::: Data section
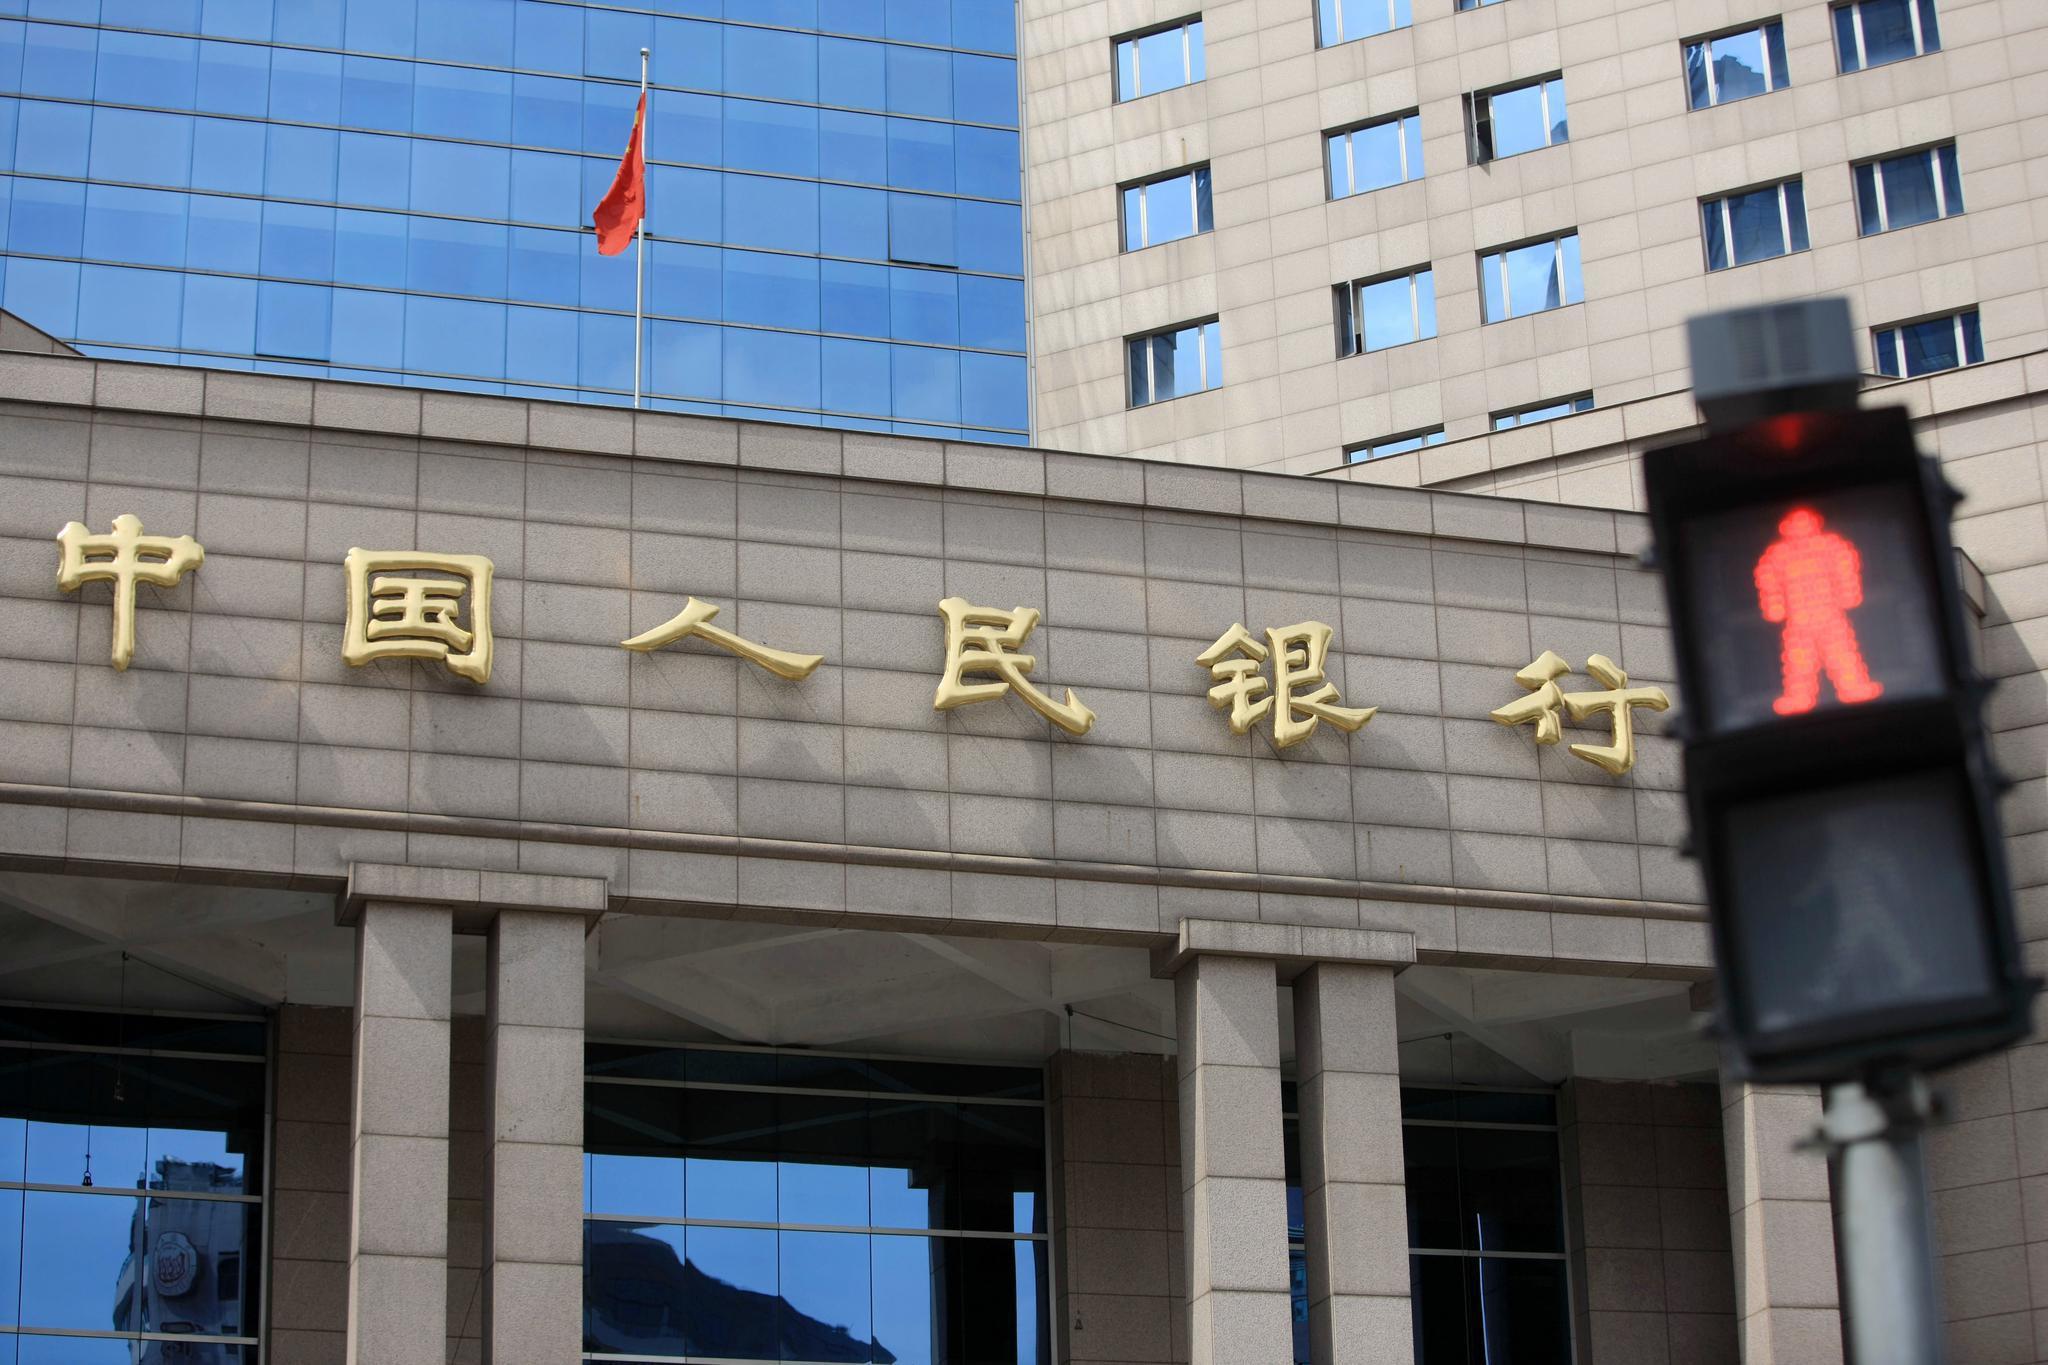 工行、邮储、华夏等多家银行被央行处罚
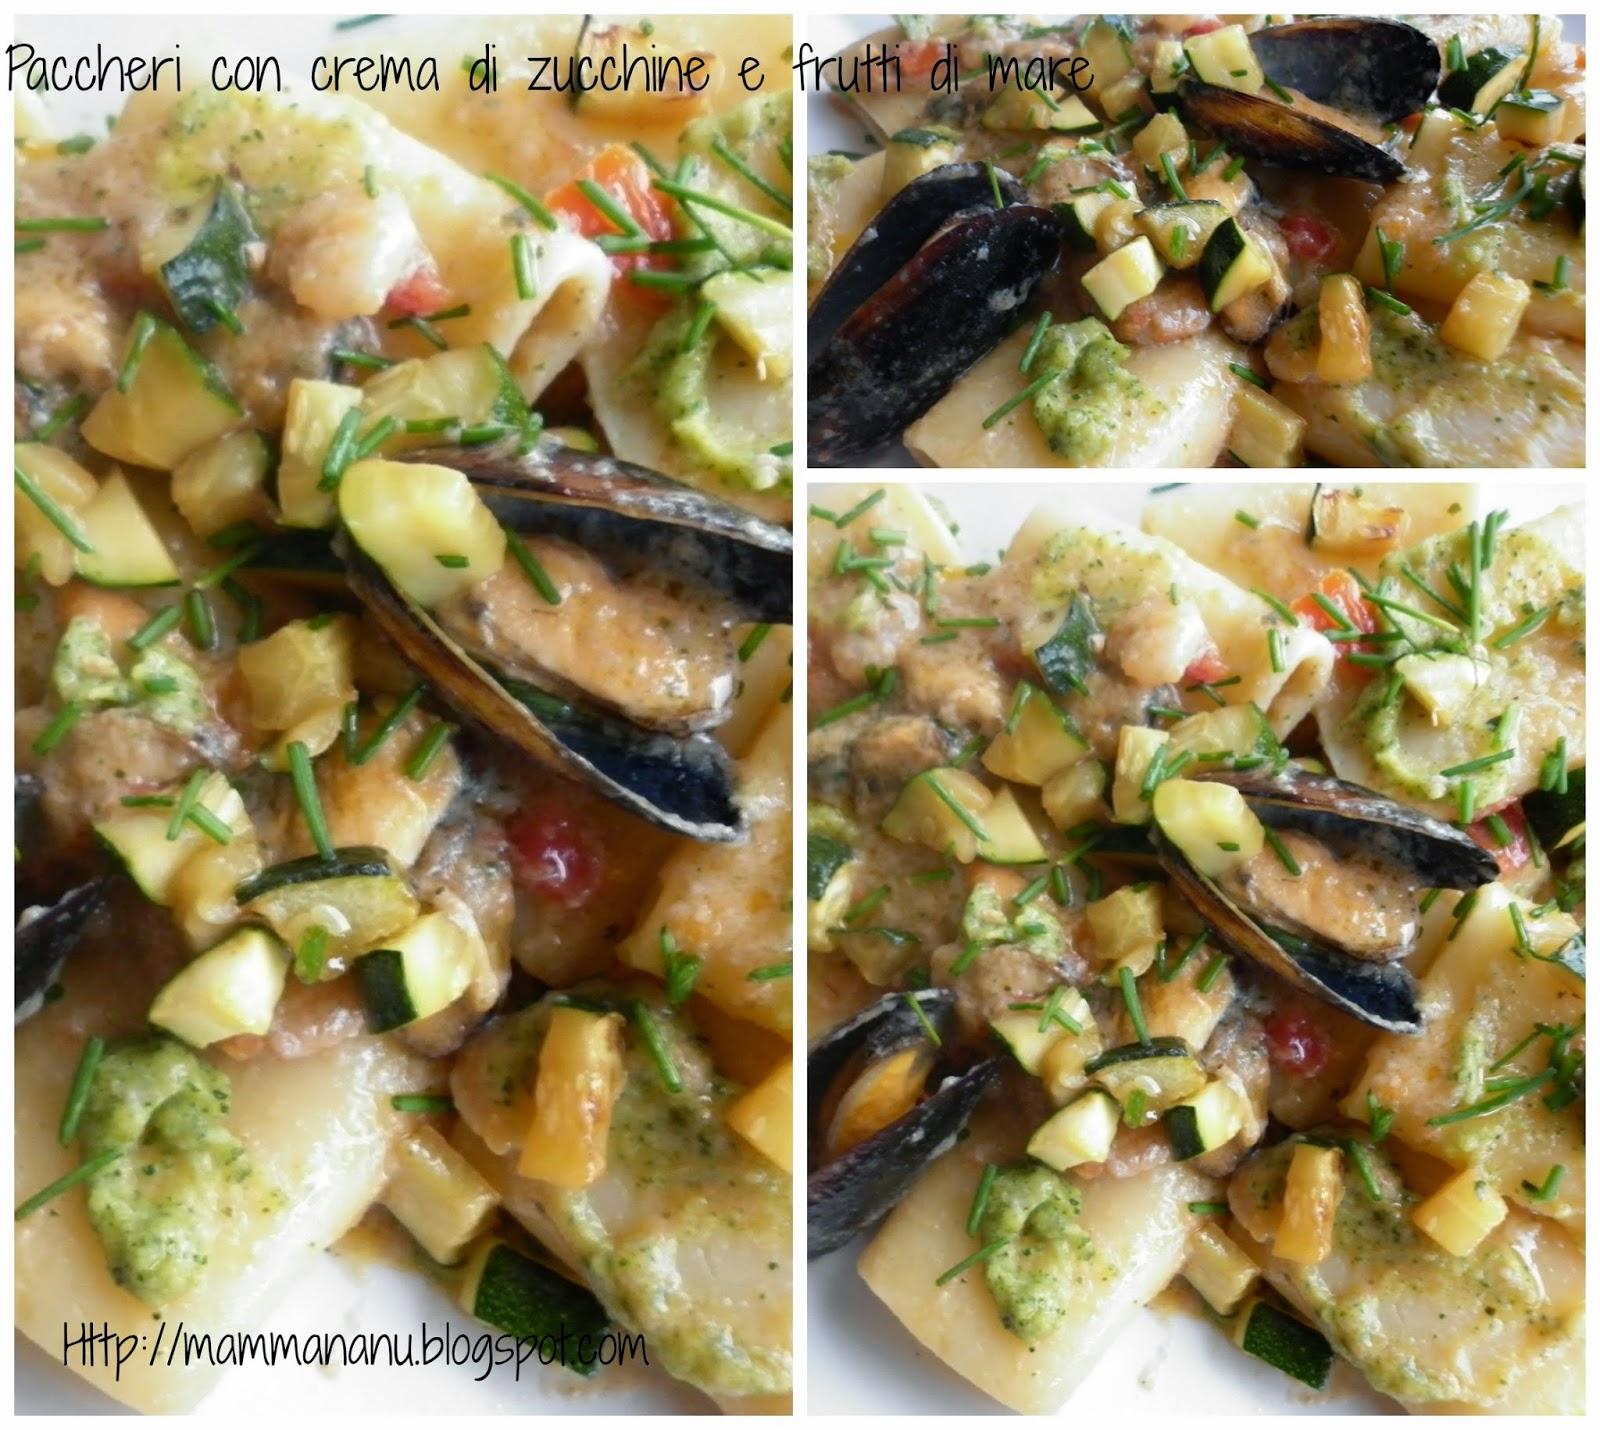 paccheri con crema di zucchine e frutti mare
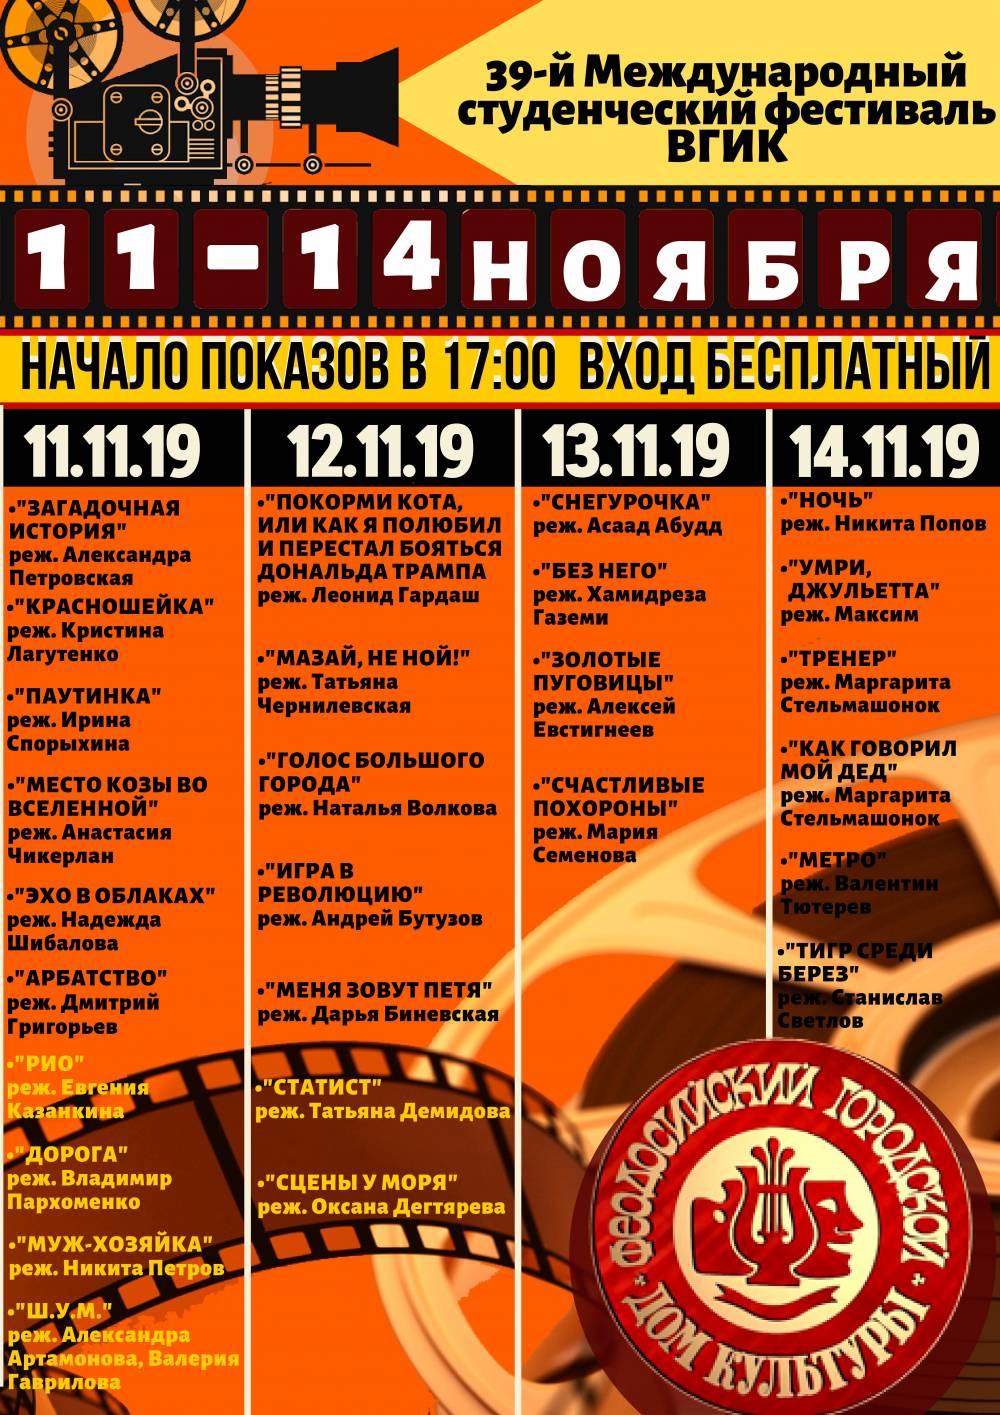 Афиша 39-го Международного студенческого фестиваля ВГИК
::::::
_Problem requirements_
Write the lines above out again exactly, excluding every picture.

_Solution_
 工行、邮储、华夏等多家银行被央行处罚
 paccheri con crema di zucchine e frutti mare
 Афиша 39-го Международного студенческого фестиваля ВГИК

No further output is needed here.